[[ Data excerpt open ]]

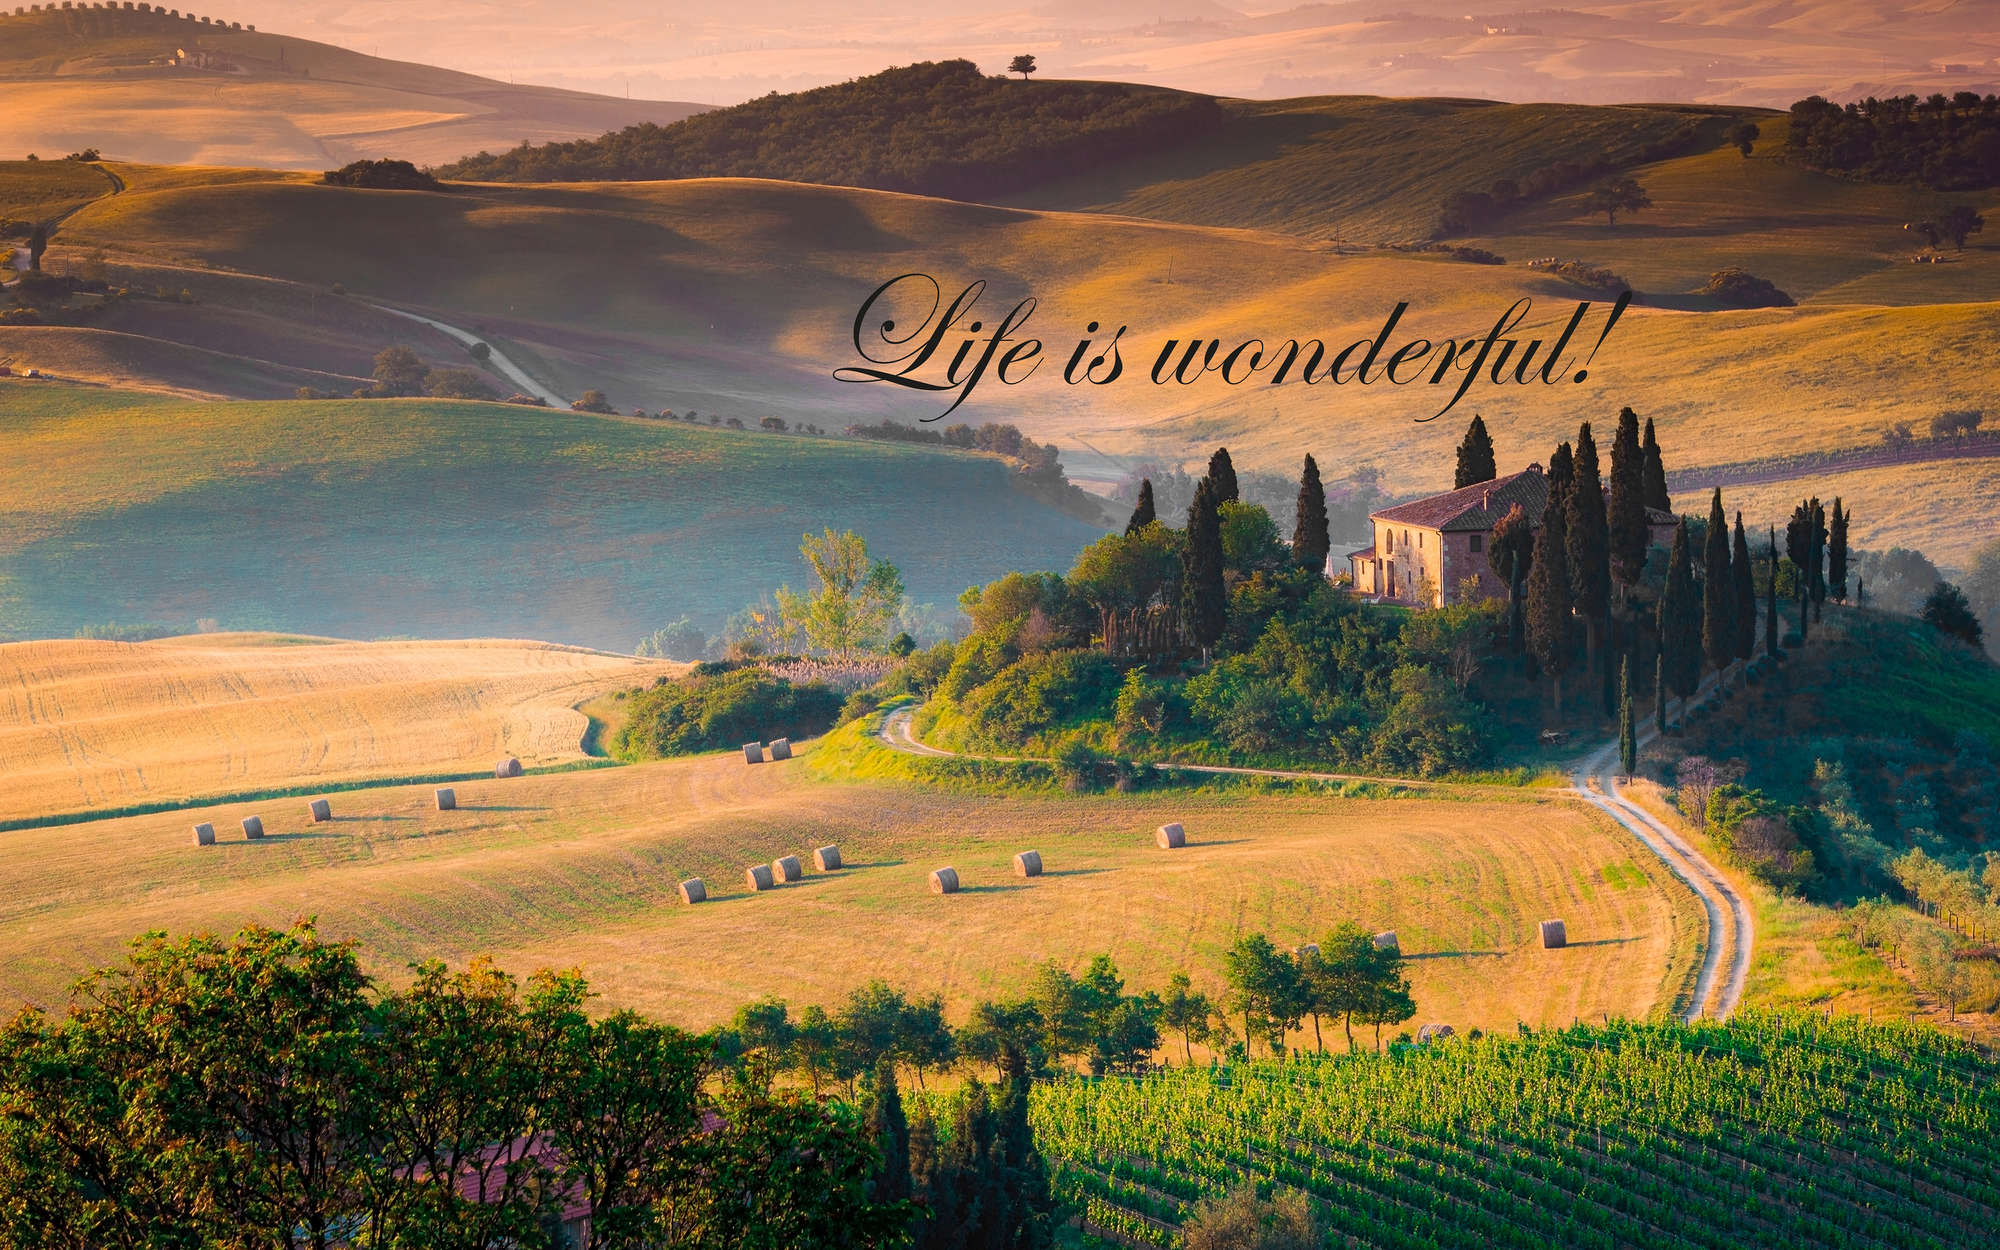             Digital behang Toscane met opschrift "Life is wonderful! - Premium glad fleece
        
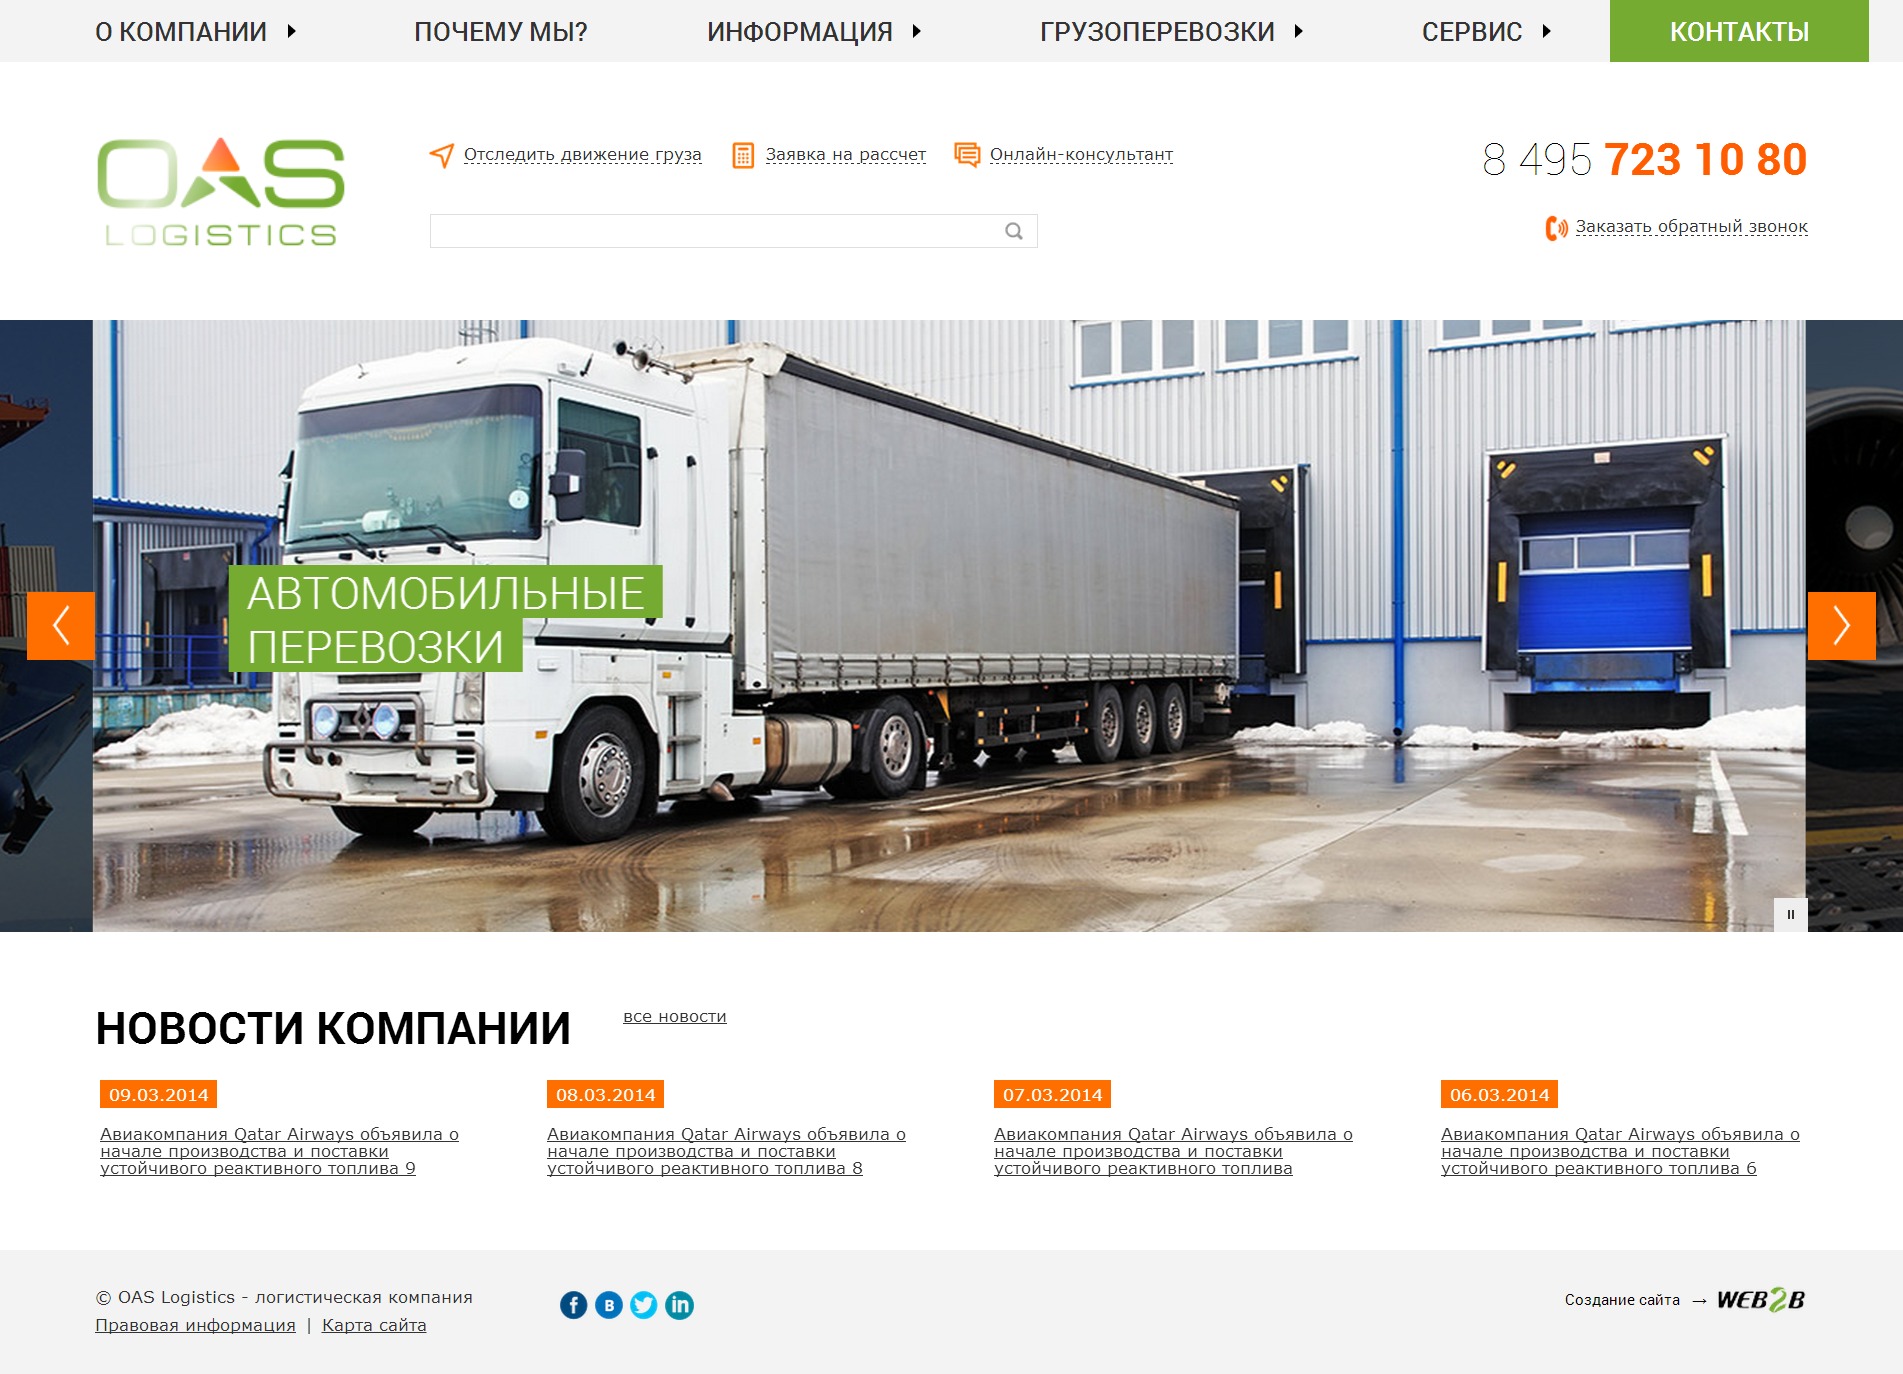 OAS - международные перевозки грузов
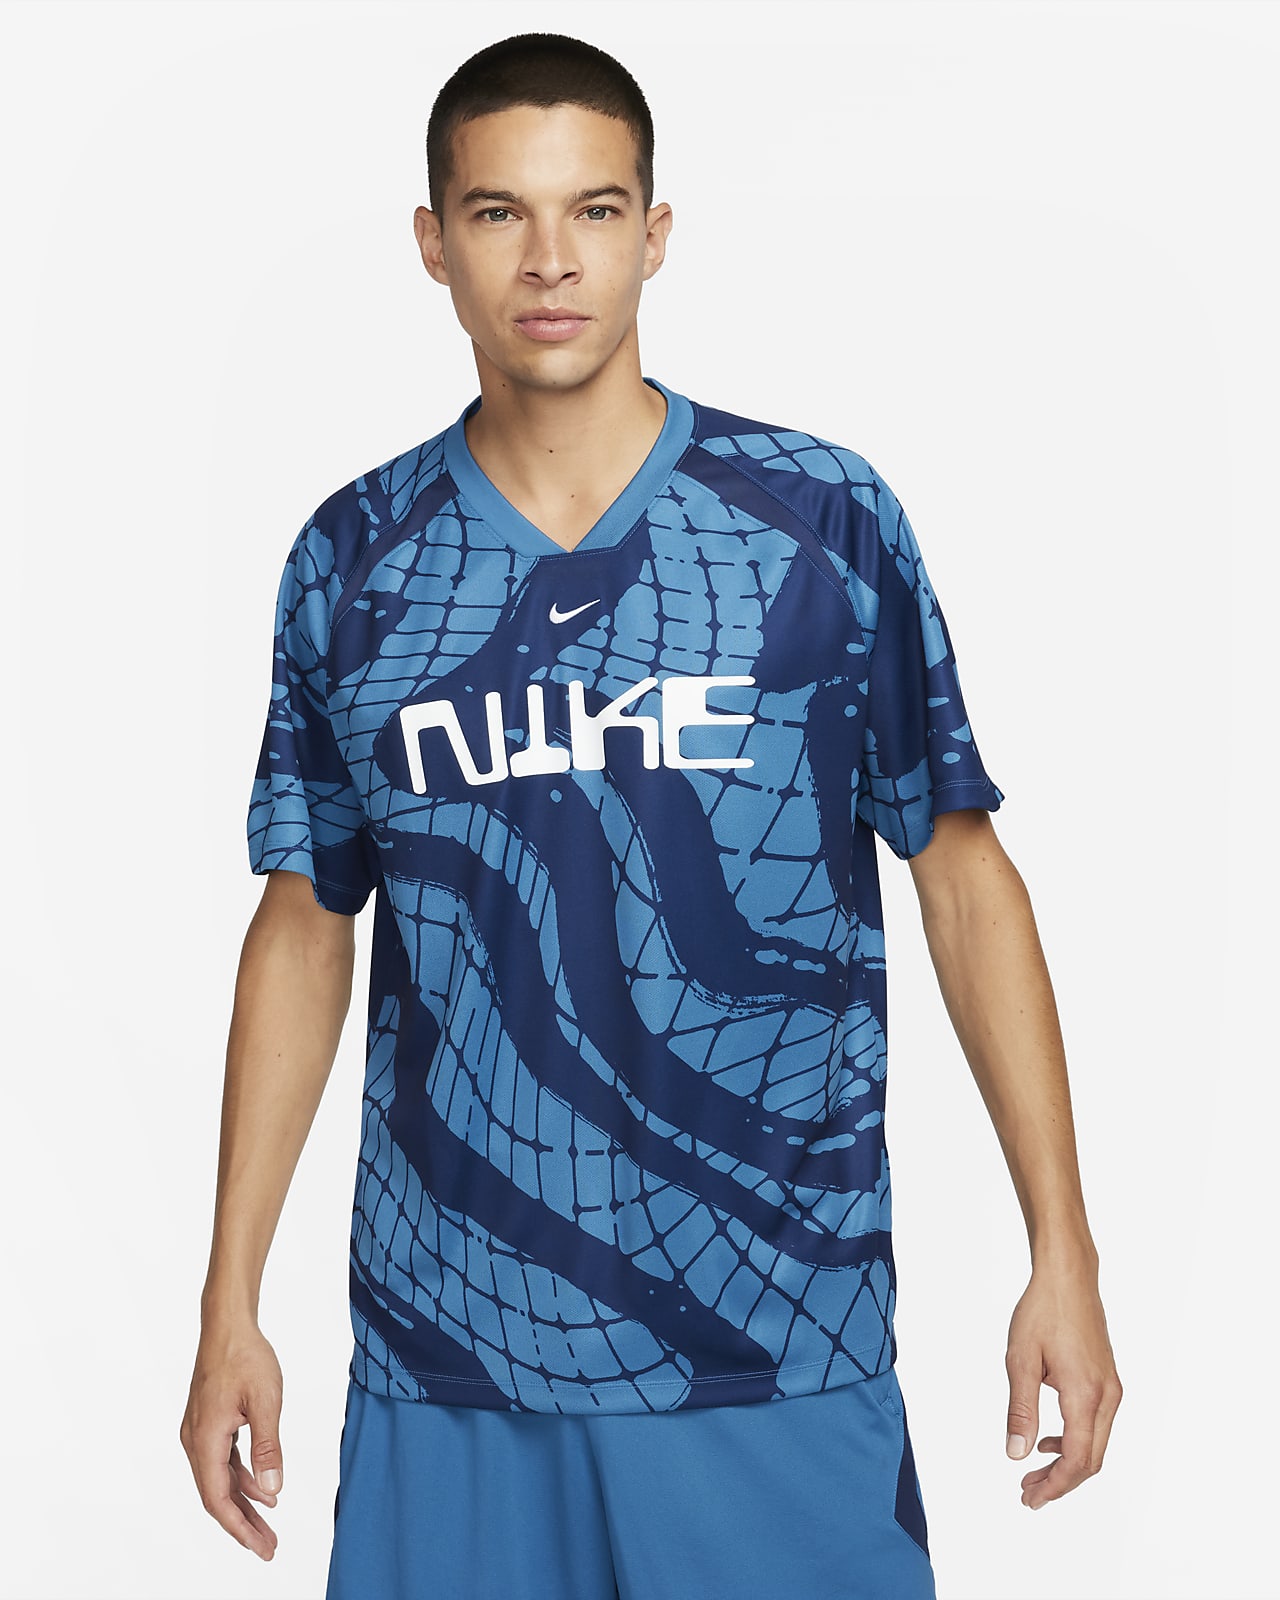 Nike Dri-FIT Men's Soccer Jersey

[[ Data excerpt closed ]]

## What the task asks
Your answer should be the lines above from the one that contains "OAS - международные перевозки грузов" through the last, set down exactly, with the pictures removed.

## Answer for this exercise
 OAS - международные перевозки грузов
 Nike Dri-FIT Men's Soccer Jersey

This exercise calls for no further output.